Marco Alberti: Since we’re based in Cape Town these maiden voyages have become our trademark. Plus, 7000 nautical miles straight off the shipyard’s dock show how seaworthy and dependable our yachts are. Out of a fleet of 56 yachts that we have built only 2 of them didn’t do this Cape Town to Genoa maiden voyage but the latest one of the two, SW96 Ammonite, had to be cargo shipped to Australia because of the pandemic and crew migrationrestrictions in Australia. I’d like to add that there’s a hidden advantage to having the shipyard based in Cape Town: when owners come down here to see their yachts under construction it’s a real break from everyday life. Building a yacht in South Africa means discovering a beautiful country that puts you in the right mind set to really enjoy the process of seeing your future yacht come to life.

As builders of blue water yachts that sail to the most remote corners of the world you must have had feedback not only on the yachts, but also on the state that the seas are currently in. We have heard about your interest in sustainability, can you tell us a bit more?

Andrea Micheli: The Southern Wind Academy, our initiative that aims to teach our owners how to sail better and how to respect the ocean, joined the One Ocean Foundation’s Charta Smeralda in 2018. The Charta outlines a code of ethics and good practices to protect the world’s oceans.
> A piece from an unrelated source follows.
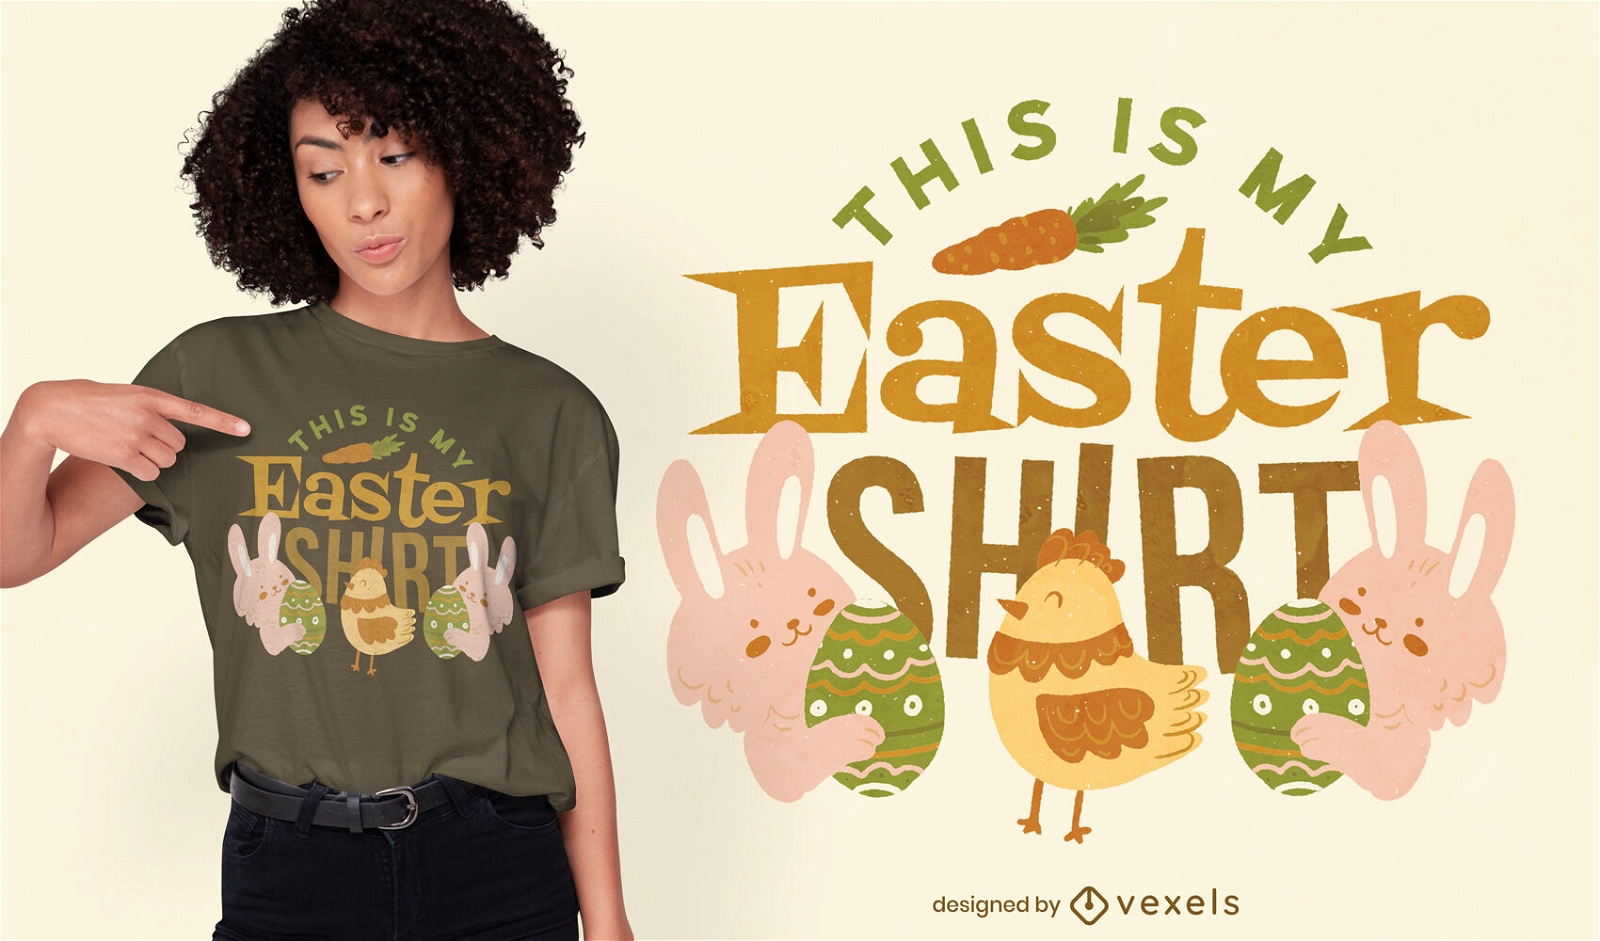 Dise?o de camiseta de Pascua de conejo y pollo.

We adhere to and promote its principles with our Captains and our owners. We also recently joined another sustainability project, the All Atlantic Sail for Science, a research group that is involved with the University of Cape Town and monitors the condition of plankton worldwide. There are lots of projects that monitor the ocean’s temperature, acidity, and biodiversity but we also need to monitor the bottom of the food chain, plankton. In the near future our Captains and owners will be able to take samples of the waters that they sail to, places like the South Atlantic where not very many people sail and where there is little monitoring of the water quality. Owners and crews that want to participate in this project will get a kit and instructions on how to gather and transmit the data. SWS is not just giving economic support to this initiative, we want to promote real life contributions to the research.

Looking towards the future, we have been approached in our role as builders in composite to build an ocean energy farm where the wind’s energy will be harvested to produce sustainable hydrogen from seawater. It’s a huge European project and we’re interested in it because it could really offer a new way to produce sustainable, clean energy.

Marco Alberti: I also want to add that we’re very careful about the shipyard’s carbon footprint. We believe that sailing boats that perform as well as ours do even in light wind conditions reduce the need for using fuel-powered engines. We are also offering our clients the option to install hybrid diesel-electric propulsion systems on our current range of yachts, the SW96, SW120 and the brand new SW108 Hybrid.

SWS is celebrating the 30thanniversary of its foundation, can you tell me a bit about your vision for the upcoming 30 years?

Andrea Micheli: I’ll be 73 by then and I’m counting on being able to confirm that we have followed the path and met the goals that we have set for ourselves today.